Tapi makian dan permintaan uang tiga ratus ribu untuk alasan pengobatan itu bagiku
berlebihan. Aku belum pernah merasa marah seperti setelah diceritakan itu.
kurang ajar. Jadi pemandu lagu saja merasa sok suci di depan pemulung. Brengsek.
Aku temui
keluarga mereka. Tempatnya cukup jauh, sempat tersesat, dan pulang, lalu besoknya
kembali ke sana lagi. Saat aku telah membulatkan tekad, maka itu harus aku
lakukan. Aku bertemu mereka, sama, mereka menyiapkan rumah dari bambu lagi. aku
buka puasa bersama mereka. Saat pulang, aku berikan uang titipan seorang teman
dari Hongkong, 250 ribu.
Selama perjalanan
mencari rumah mereka, aku berkata dalam hati, “Tuhan, ke mana pun kaki ini
melangkah ke arah yang Engkau kehendaki, tersesat atau kembali pada kebenaran,
kini aku tahu, hanya satu yang aku tuju : mencari-Mu. Yang aku tunggu petunjuk-Mu
lebih dulu, Tuhan. Yang aku cari petunjuk-Mu lebih dulu,” perjalanan itu
mendidikku, untuk terus merasa terasing, terus melewati jalan kesunyian diri. Meski
wajahku selalu berpaling pada dunia, jangan lepaskan genggaman-Mu dari hatiku,
Tuhan.
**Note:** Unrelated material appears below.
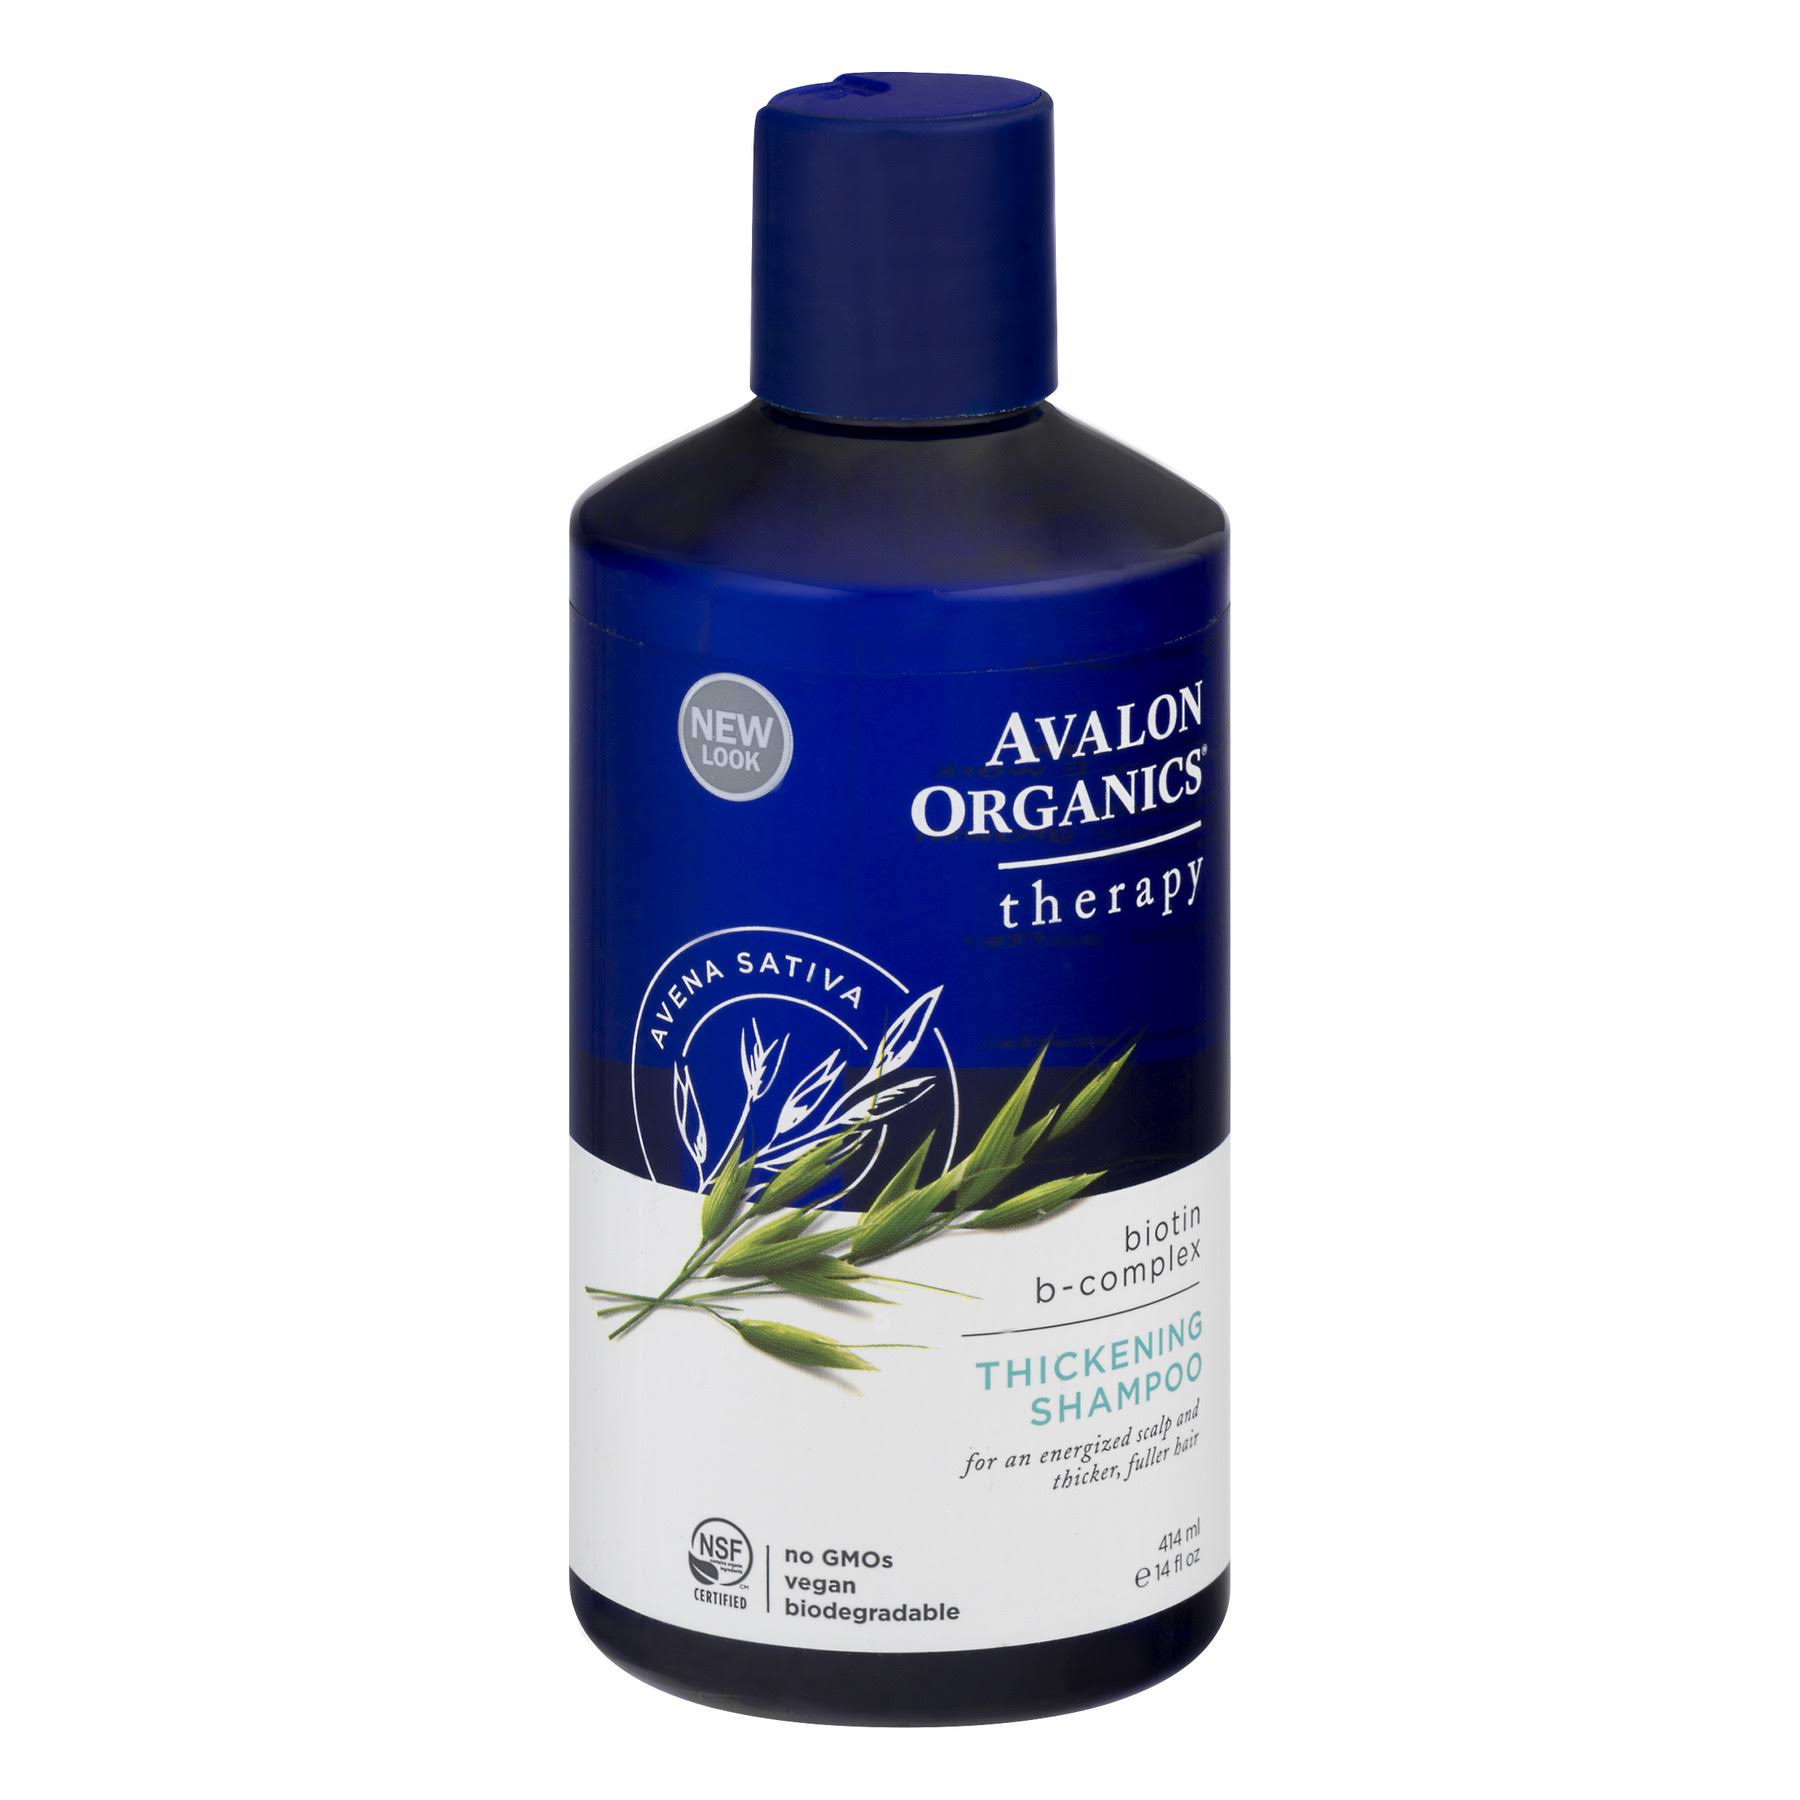 Avalon Organics Therapy Biotin B-Complex Thickening Shampoo - 414ml

Aku ingin selalu bersama-Mu.
Masih
banyak petualangan yang aku jalani ramadan ini. salah satunya, ketika Tuhan
memberiku pemahaman tentang ayat isra mi’raj,
dan ayat-ayat lain yang langsung membawaku pada-Nya (entah aku tersesat
atau apa). Tapi, aku tutup saja kisah ini dengan cerita baru : bertambahnya
keluarga kami.
Bayi perempuan kakak terakhirku. Lahir ba’da ashar, Kamis 16 Juli 2015.
Aku seakan tersadar kembali, bahwa usiaku memang sudah sepantasnya untuk melepas masa lajang. Dan sebentar lagi aku pun akan memutuskan. Buat kamu yang di sana, bersabarlah. Selangkah lagi perjalanan, aku akan ke rumahmu. Janji.